Со своей стороны я думаю о другом почти сверхъестественном, под впечатлением мимолётной встречи, видении, которое осеняет чувством постижения платоновской идеи. Что же это было: порыв ветра, мгновенно вспыхнувшее желание обладать юной женщиной? Не думаю. Юношеская влюблённость, ещё не сознающая себя плотским влечением? Может быть – но и нечто иное: чувство вечности.

Блок:

Дали слепы, дни безгневны,
Облака плывут.
В теремах живут царевны.
Не живут – цветут.

В том-то и дело, что они живут вечно. Для них нет будущего, для них есть только одно настоящее. Я постиг этот хитроумный подвох времени, которое не уничтожает себя, как рельсы несущегося неведомо куда состава, как бегущие над крышей буквы световой рекламы, но попросту отступает, уступает место непреходящему настоящему; я это понял, когда увидел тебя всю, моя красавица, и твои губы всё ещё шевелились, как бы желая сказать: уходи, сюда нельзя, – я понял, что обрёл это утраченное, казалось бы, навсегда, сознание вечности. Ты стоишь, опустив руки, волосы упали тебе на глаза, и полдень длится без конца.



Жизнь

В былые времена, в потустороннем пристанище снов, я вставал первым. Румяный Гелиос уже нахлёстывал лошадей, стоя между двумя крутящимися колёсами своей повозки, и целился из лука. Я шёл по пустынной улице, стараясь увернуться от стрел, булочная под фирменной вывеской придворного поставщика Hofpfisterei уже была открыта, за прилавком ожидала покупателей белокурая пышнотелая продавщица, ещё дышащая ночной негой. Она знала меня, не спрашивая, тотчас упаковывала горячие булочки, полбуханки пахучего ржаного хлеба. Я вручал ей кошелёк, она сама вынимала мелочь, сколько нужно, и я плёлся с моей добычей домой. В кухне я готовил чай для Лоры, кофе для себя, разрезал и смазывал конфитюром булочки, раскладывал бутерброды. Моя жена, слегка заспанная, сияющая, как сама заря, в белом байковом халате выходила из коридора.

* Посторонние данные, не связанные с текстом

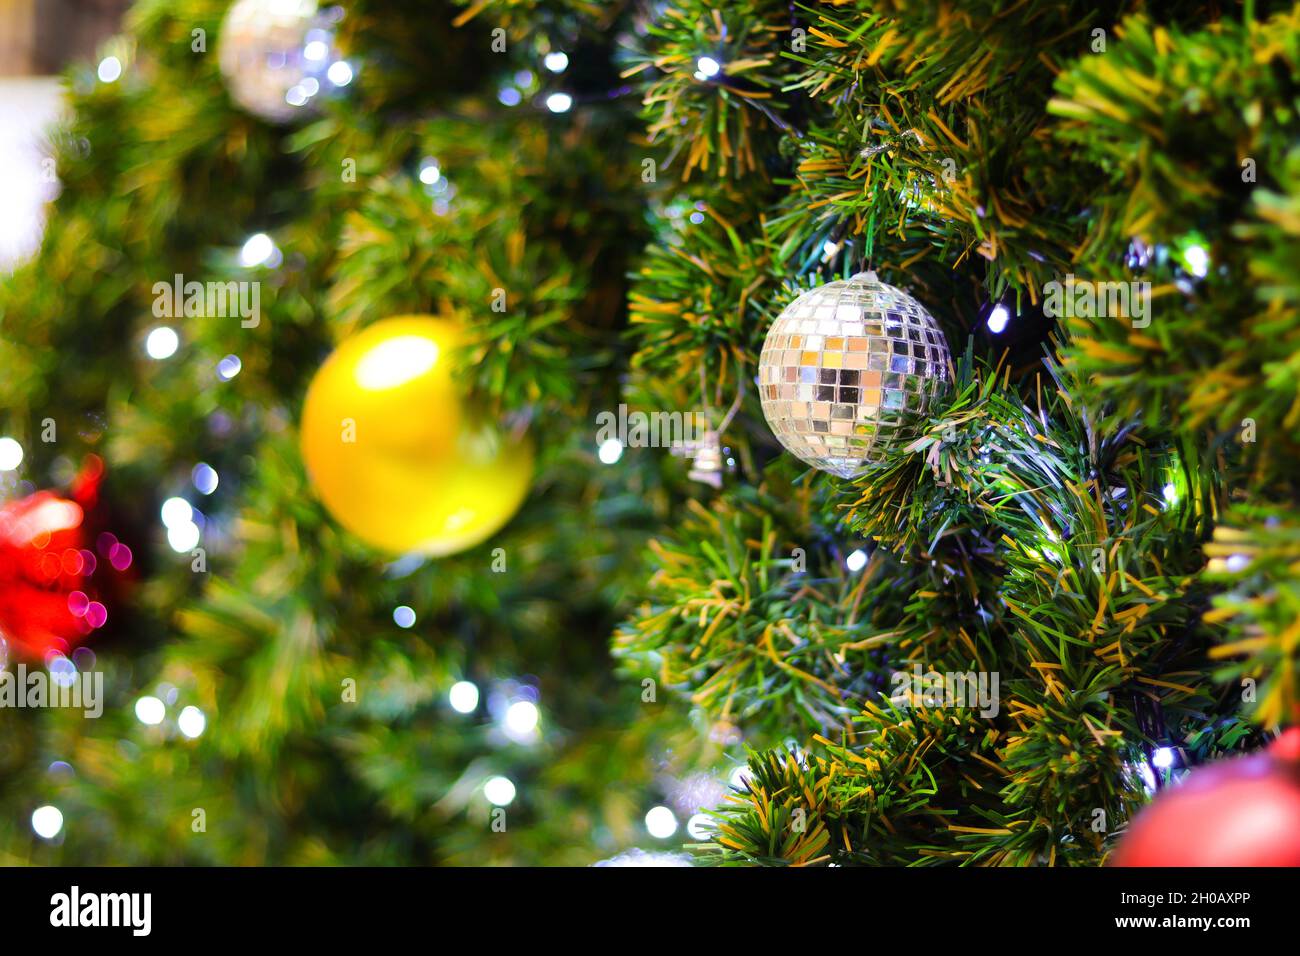 Weihnachtsbaum mit elektrischem Licht und bunten Kugeln verziert. Geeignet als Kulisse für Weihnachten und Neujahr. Stockfoto

А бывало и так, что мы оба поднимались спозаранку, наскоро одевались и спускались в подземный гараж. Жена моя усаживалась за рулём, я рядом, и мы катили вдоль по Козима-штрассе, минуя Иоганнескирхен, по автобану в направлении Исманингена, сворачивали в узкий проезд, – всё путешествие до городского озера Ферингазее занимало пятнадцать минут.

Пустынное озеро на рассвете, гладкое и блестящее, как зеркало, под бледно-голубым безоблачным небом, стояло перед нами, слабый плеск смутил его молчание – несколько шагов по росистой траве, и я вхожу в воду. Сердитый лебедь, хозяин этих мест, неспешно выплывает из прибрежных зарослей, где, вероятно, он провёл ночь. Яркий свет, голоса незваных гостей разбудили его.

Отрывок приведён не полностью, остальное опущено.